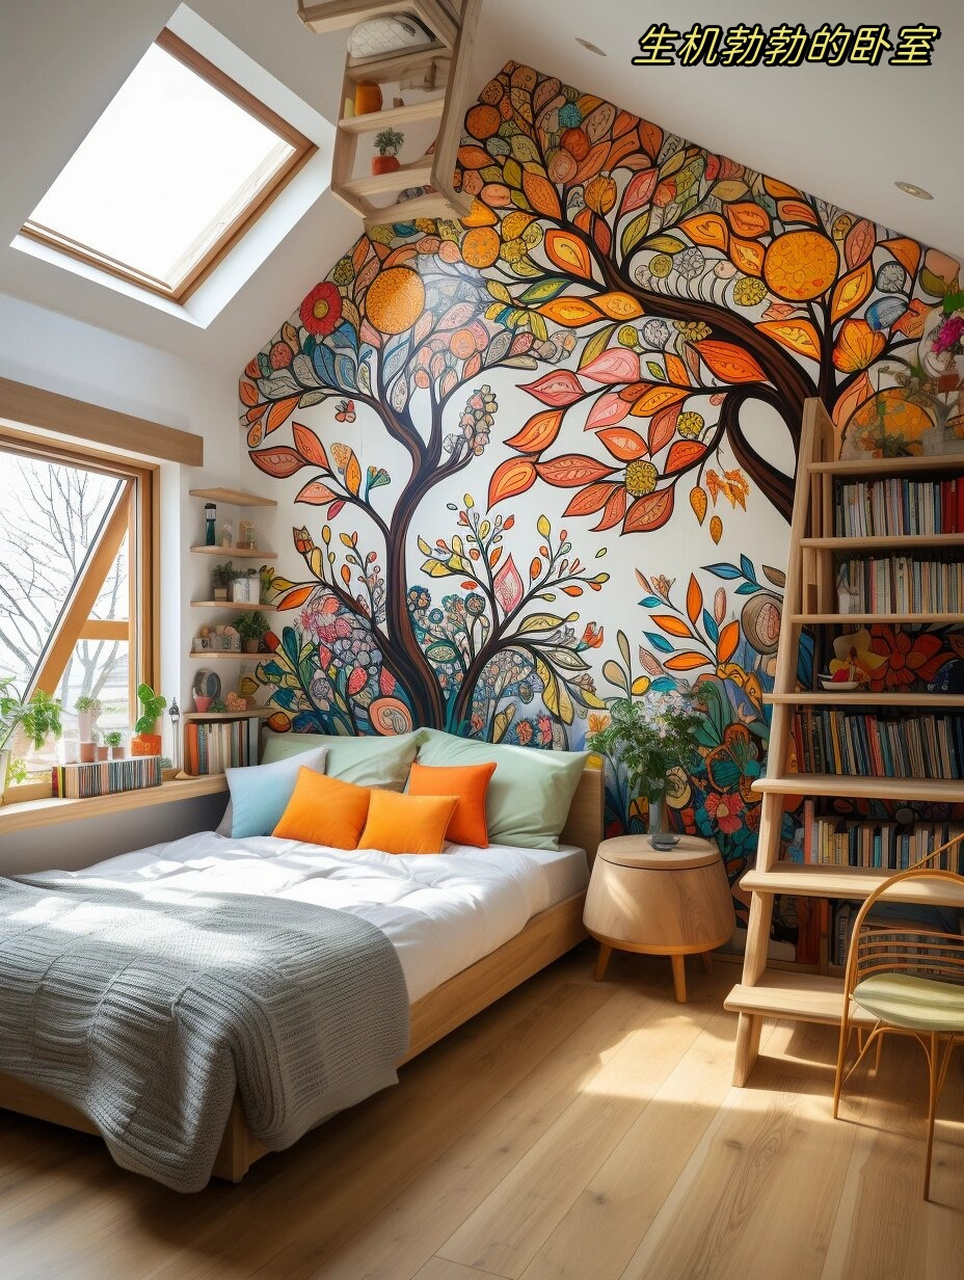 生机勃勃的卧室  墙绘,一种将艺术与生活完美融合的方式
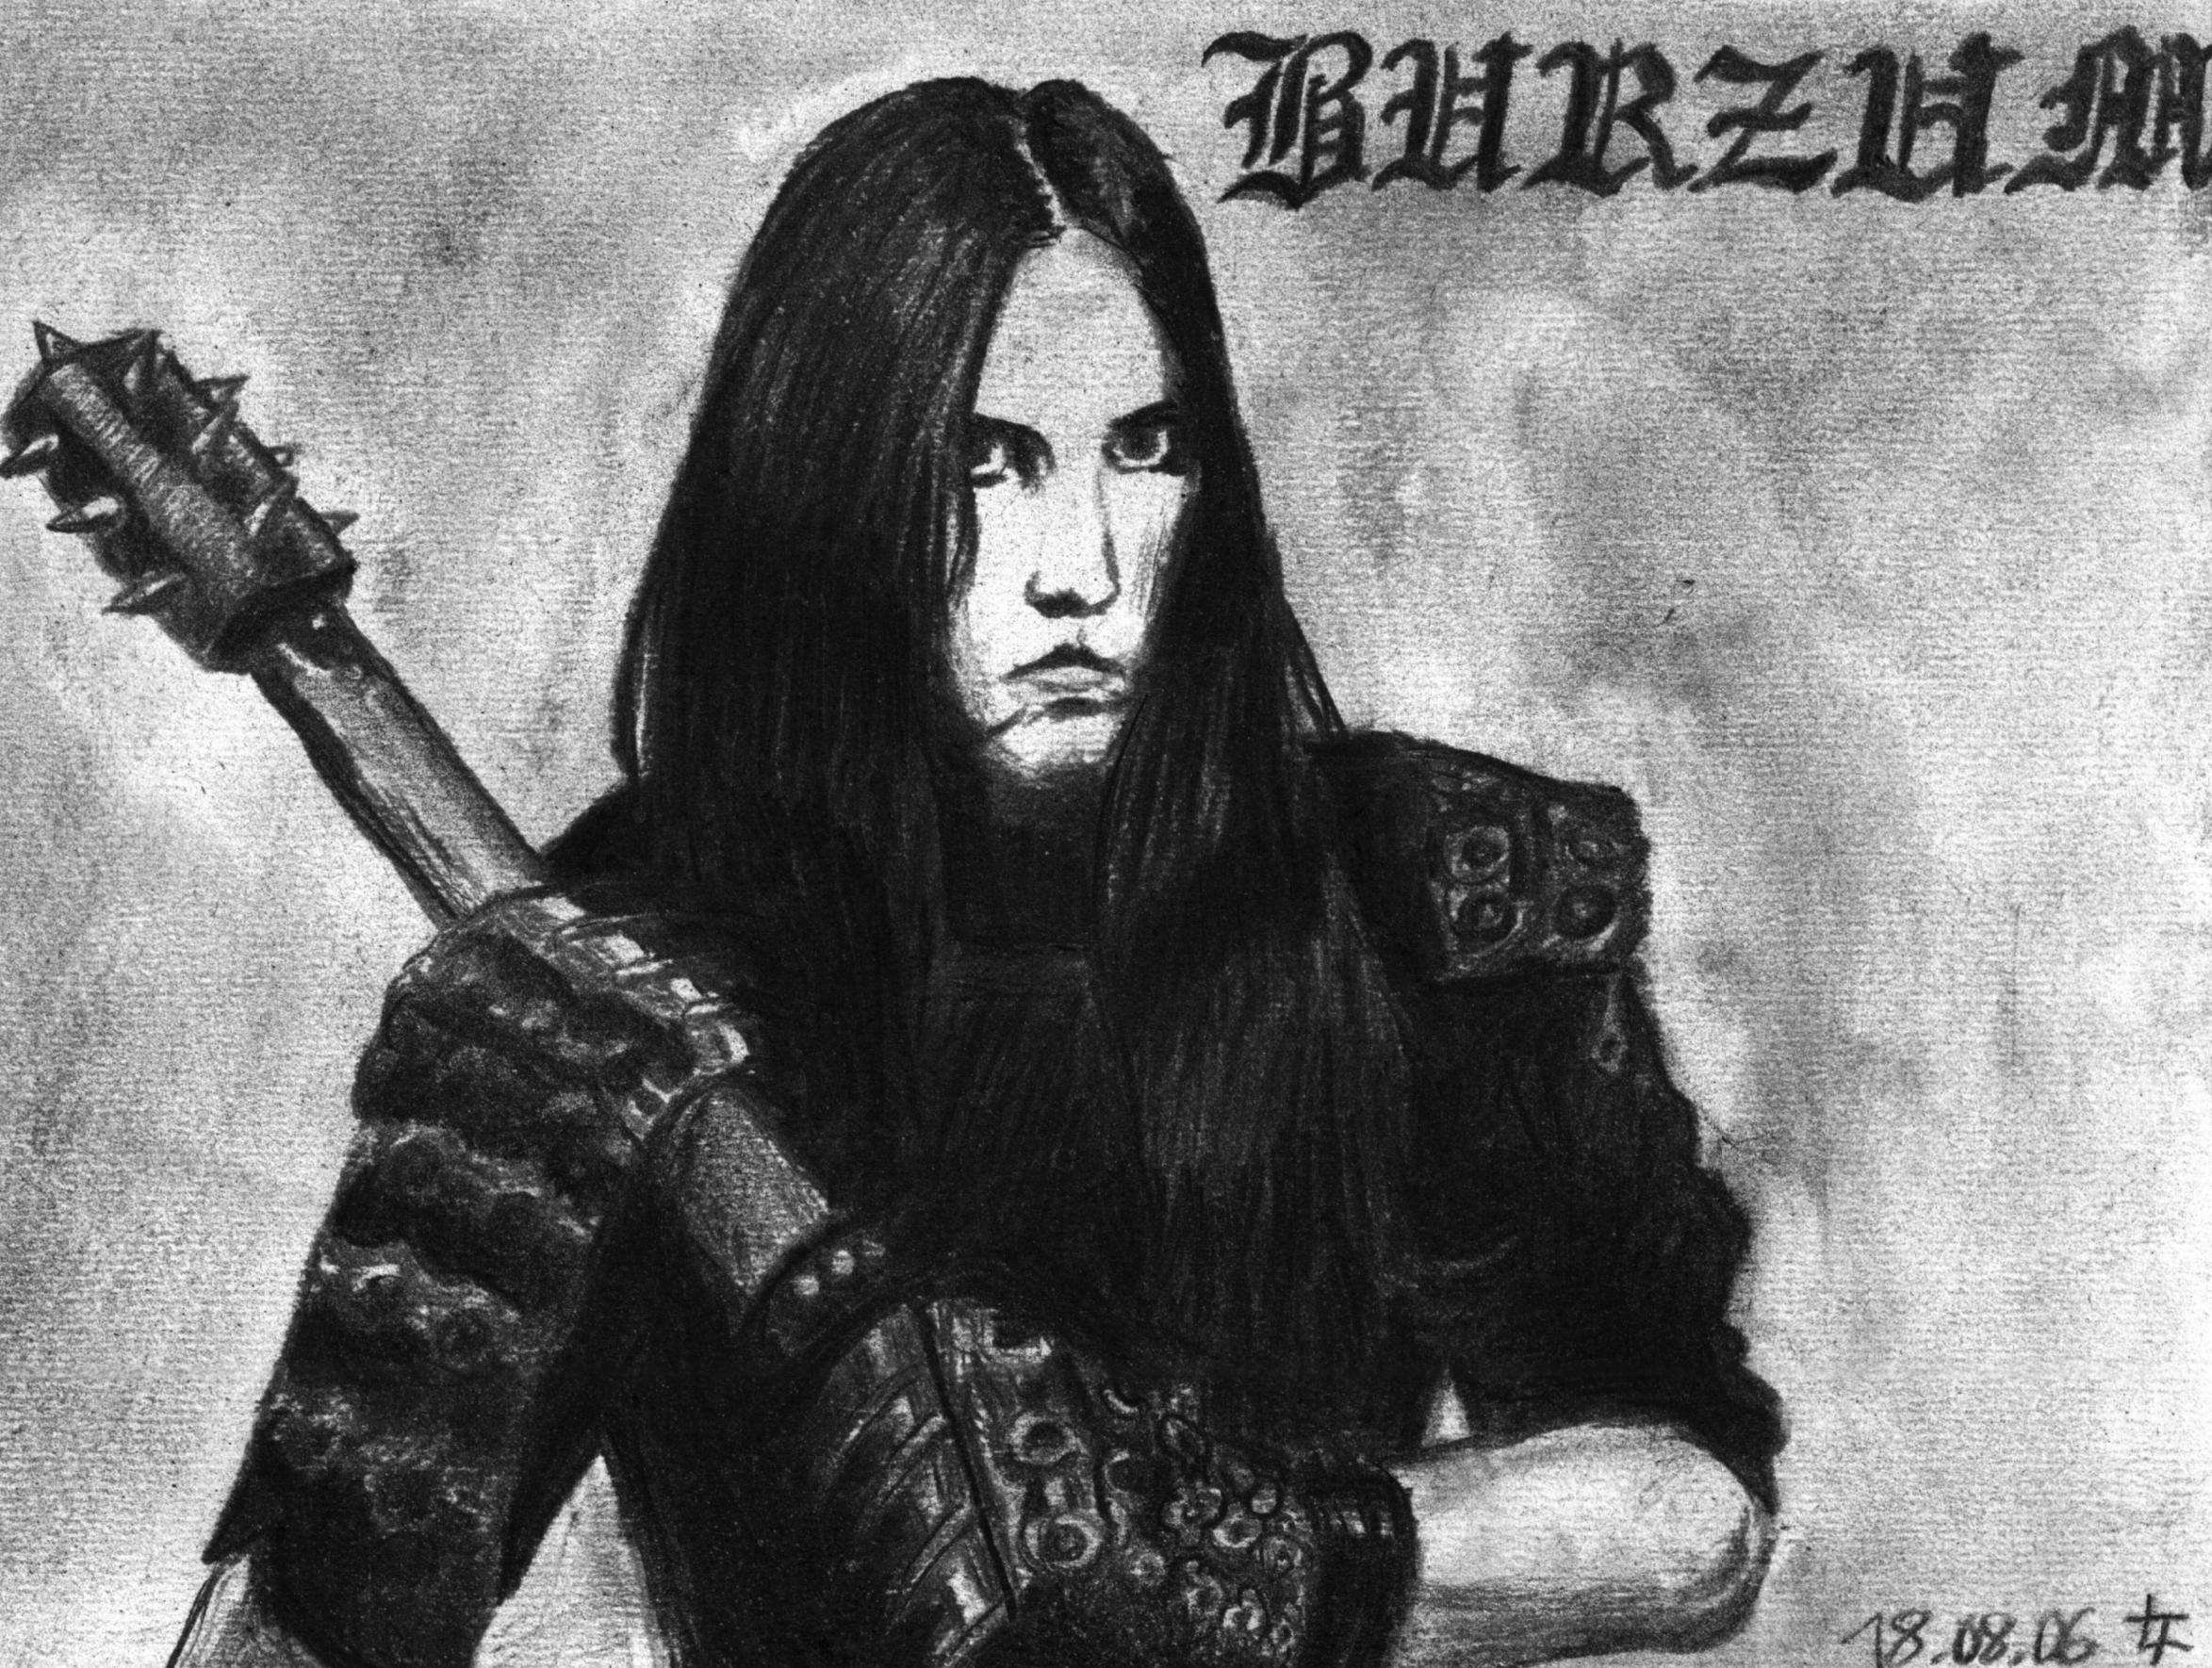 Burzum, Varg Vikernes
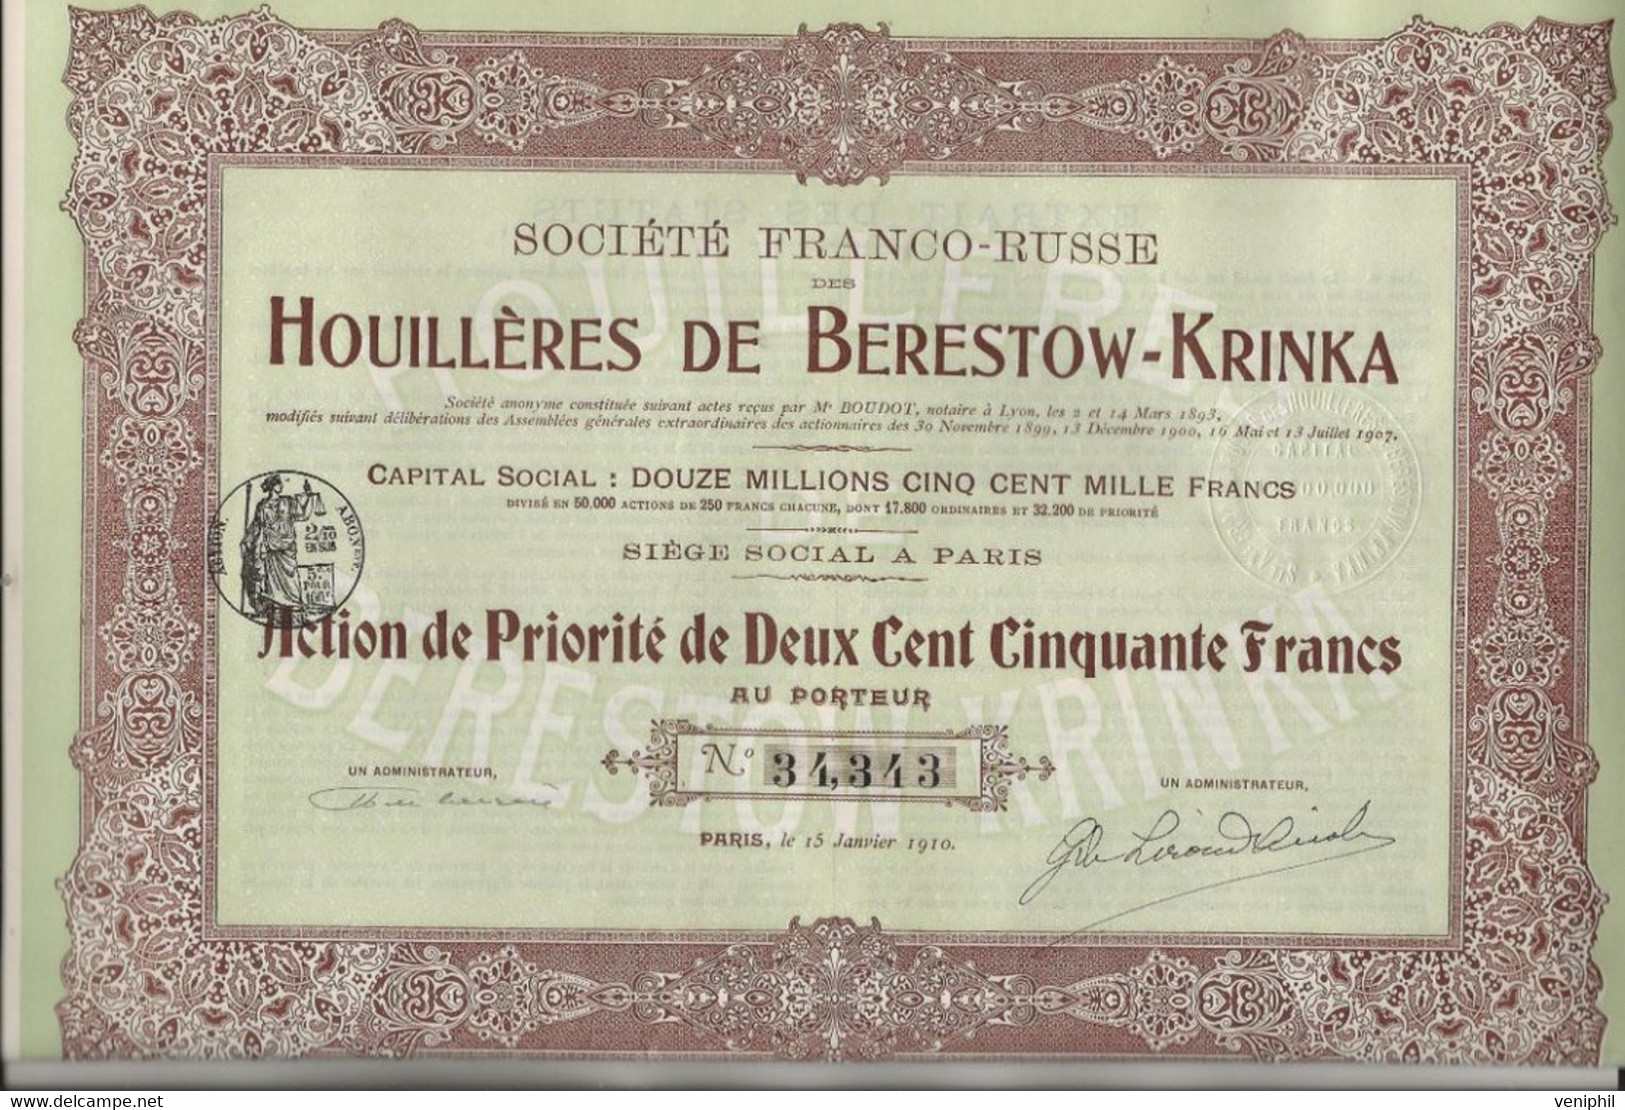 SOCIETE FRANCO -RUSSE DES HOUILLERES DE BERESTOW - KRINKA - LOT DE 3 ACTIONS DE PRIORITE DE 250 FRS -ANNEE 1910 - Mijnen

**ABOUT THIS TASK:** Write every line above again exactly, but leave the pictures out.

**RESPONSE:**
 生机勃勃的卧室  墙绘,一种将艺术与生活完美融合的方式
 Burzum, Varg Vikernes
 SOCIETE FRANCO -RUSSE DES HOUILLERES DE BERESTOW - KRINKA - LOT DE 3 ACTIONS DE PRIORITE DE 250 FRS -ANNEE 1910 - Mijnen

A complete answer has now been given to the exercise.